Material provided below:
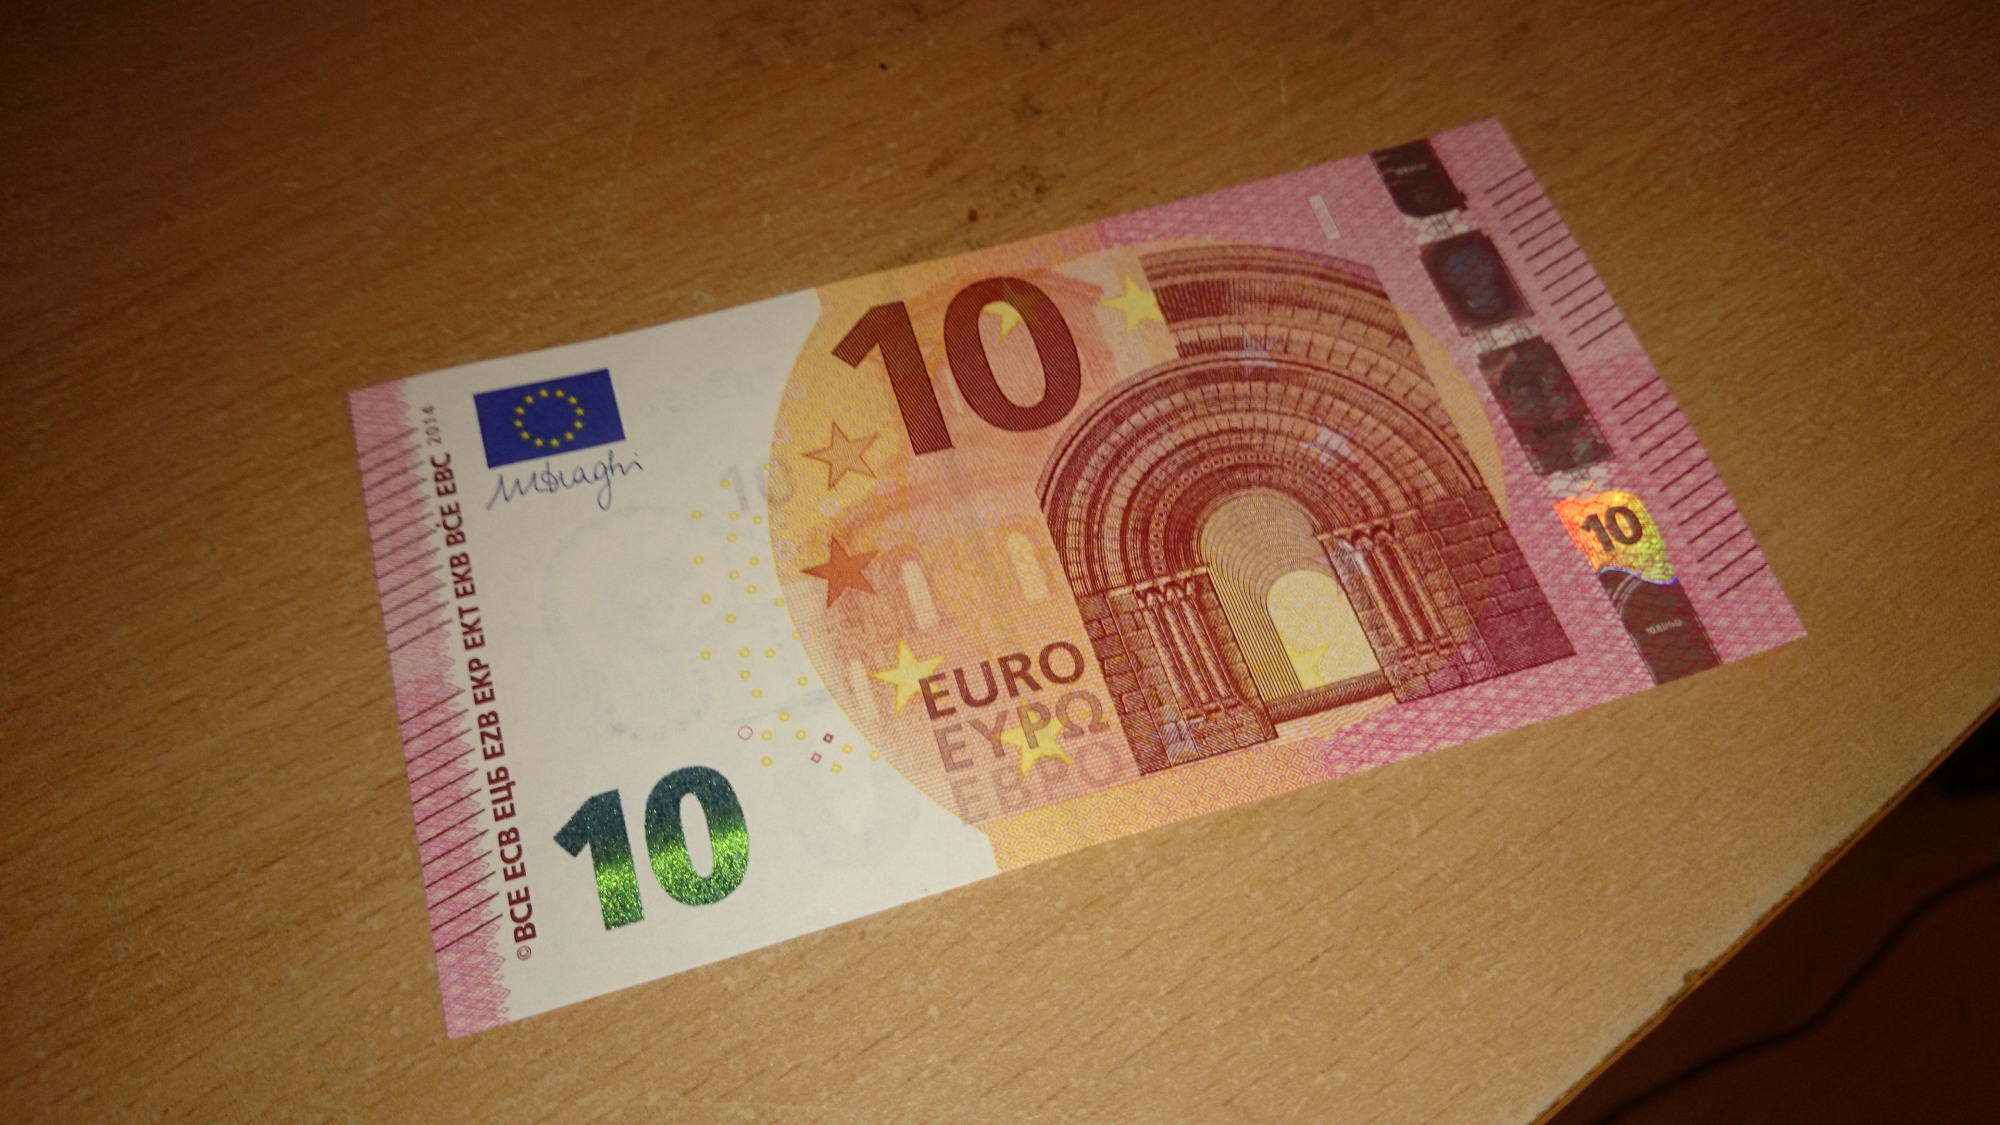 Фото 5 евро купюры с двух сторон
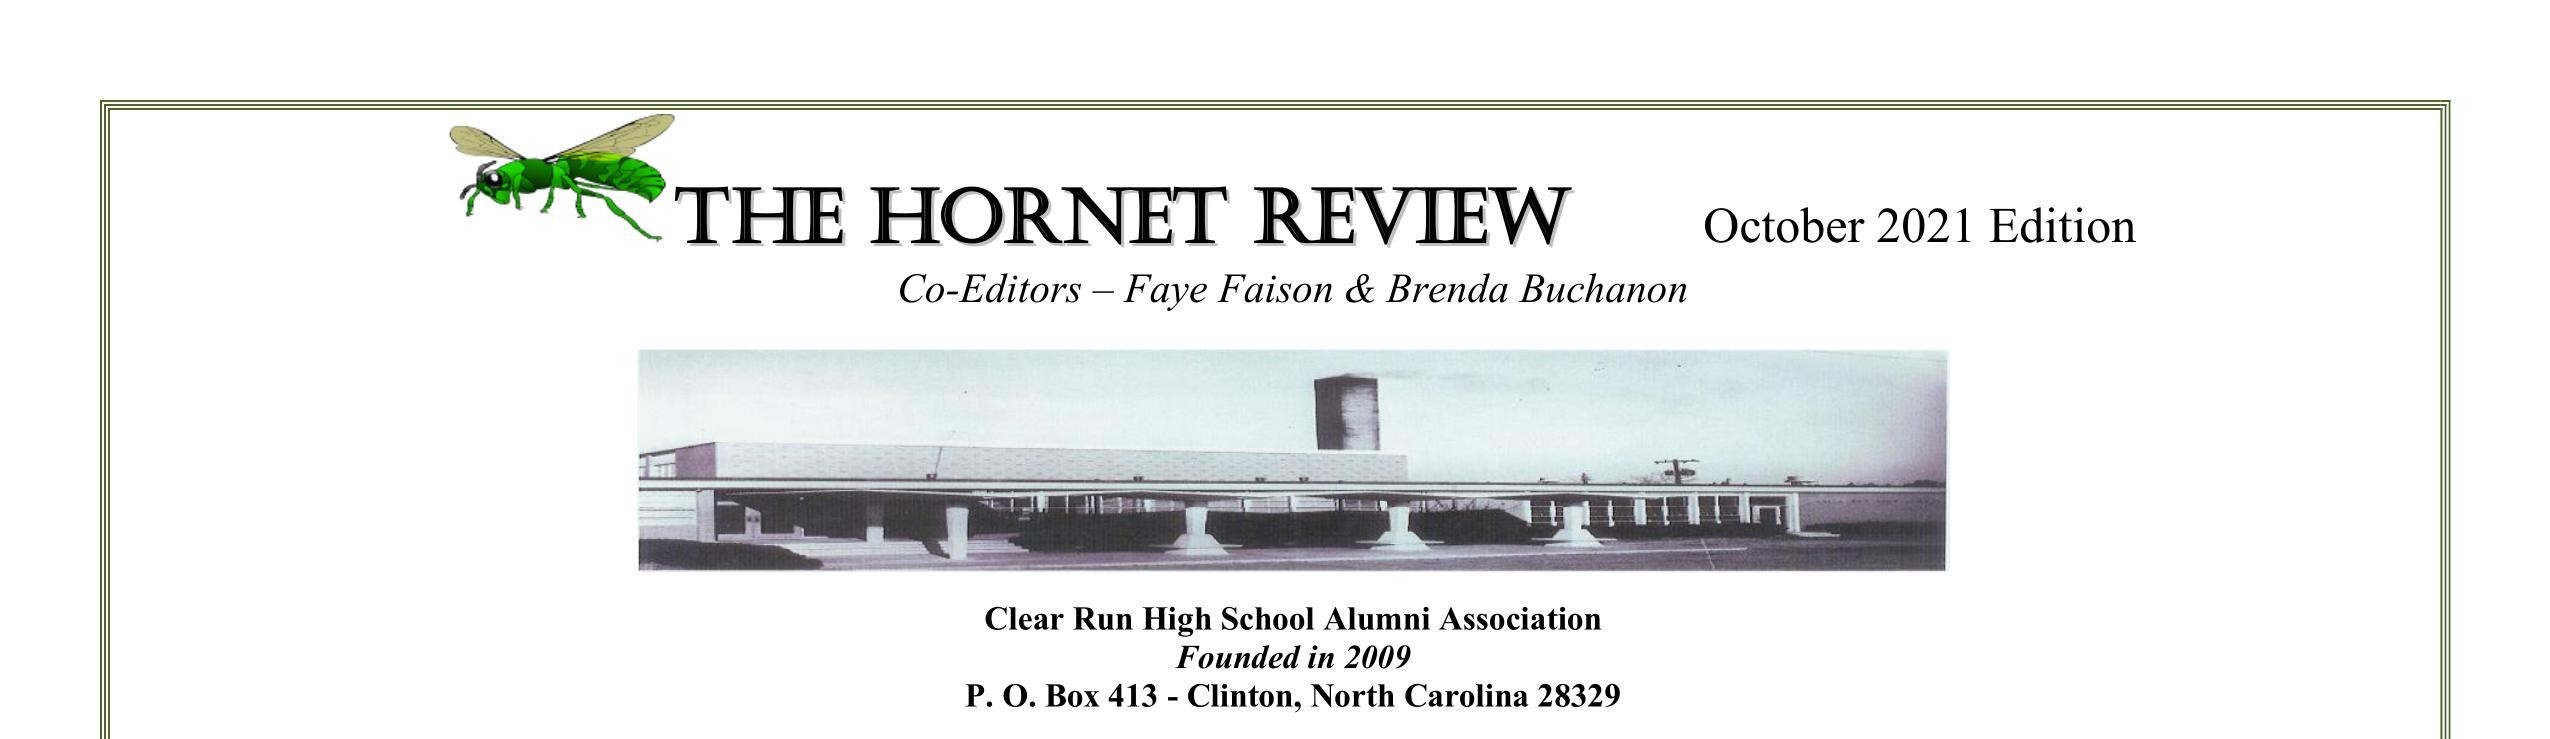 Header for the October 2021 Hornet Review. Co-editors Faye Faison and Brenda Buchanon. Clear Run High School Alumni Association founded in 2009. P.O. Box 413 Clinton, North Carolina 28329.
End of Material provided.
Material provided below:
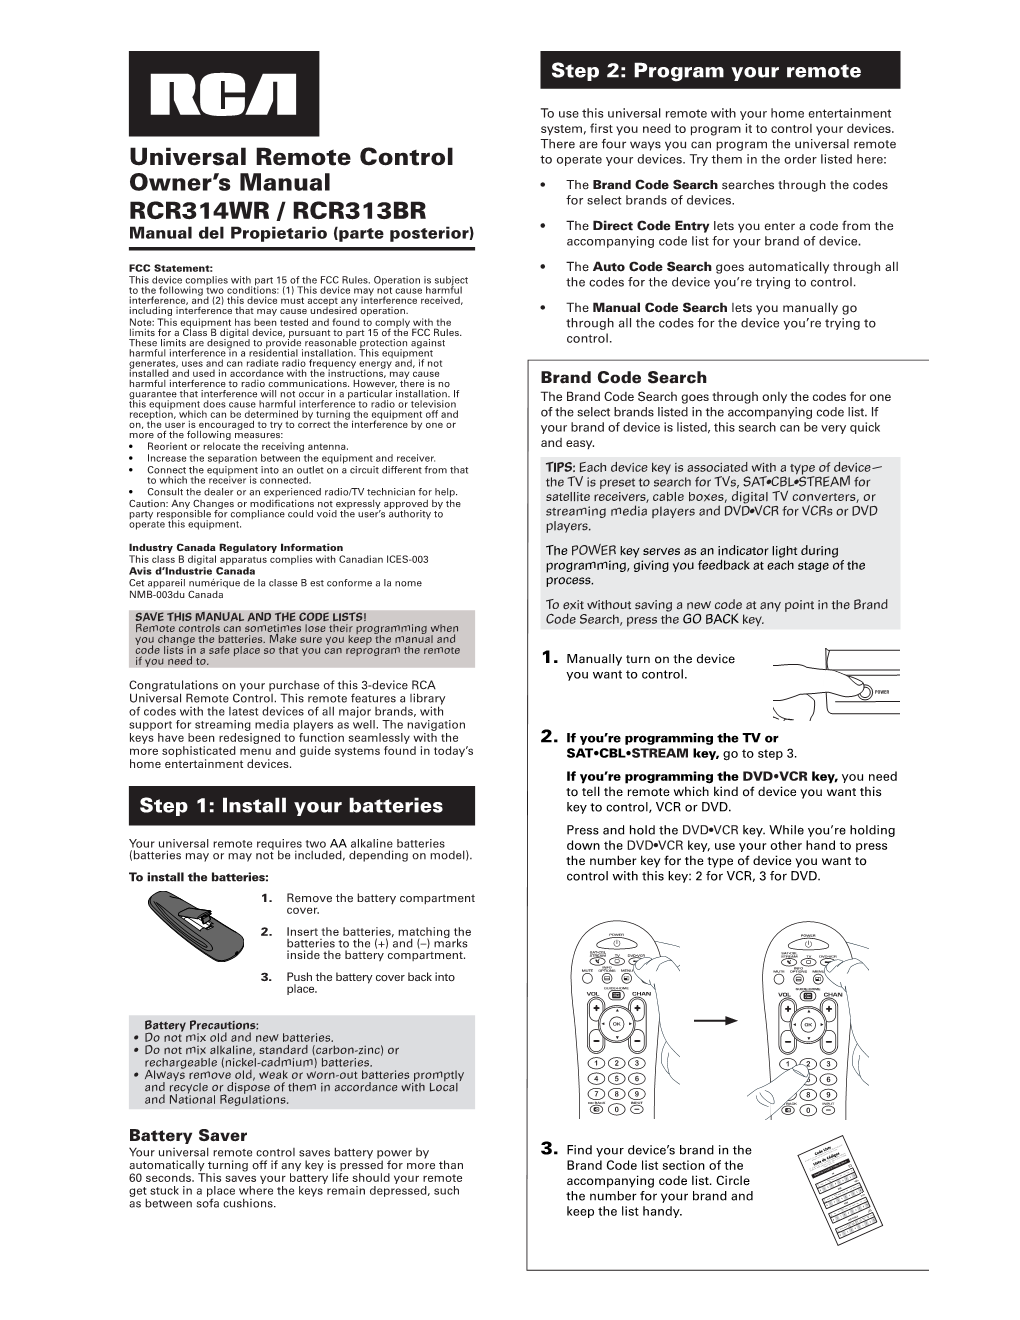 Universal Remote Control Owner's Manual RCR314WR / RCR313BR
End of Material provided.
Task directions: Starting at the line with "Фото 5 евро купюры с двух сторон" in the entries above, write out every line exactly until the line with "Header for the" has been written. Include no pictures and nothing more.

Answer for this exercise:
 Фото 5 евро купюры с двух сторон
 Header for the October 2021 Hornet Review. Co-editors Faye Faison and Brenda Buchanon. Clear Run High School Alumni Association founded in 2009. P.O. Box 413 Clinton, North Carolina 28329.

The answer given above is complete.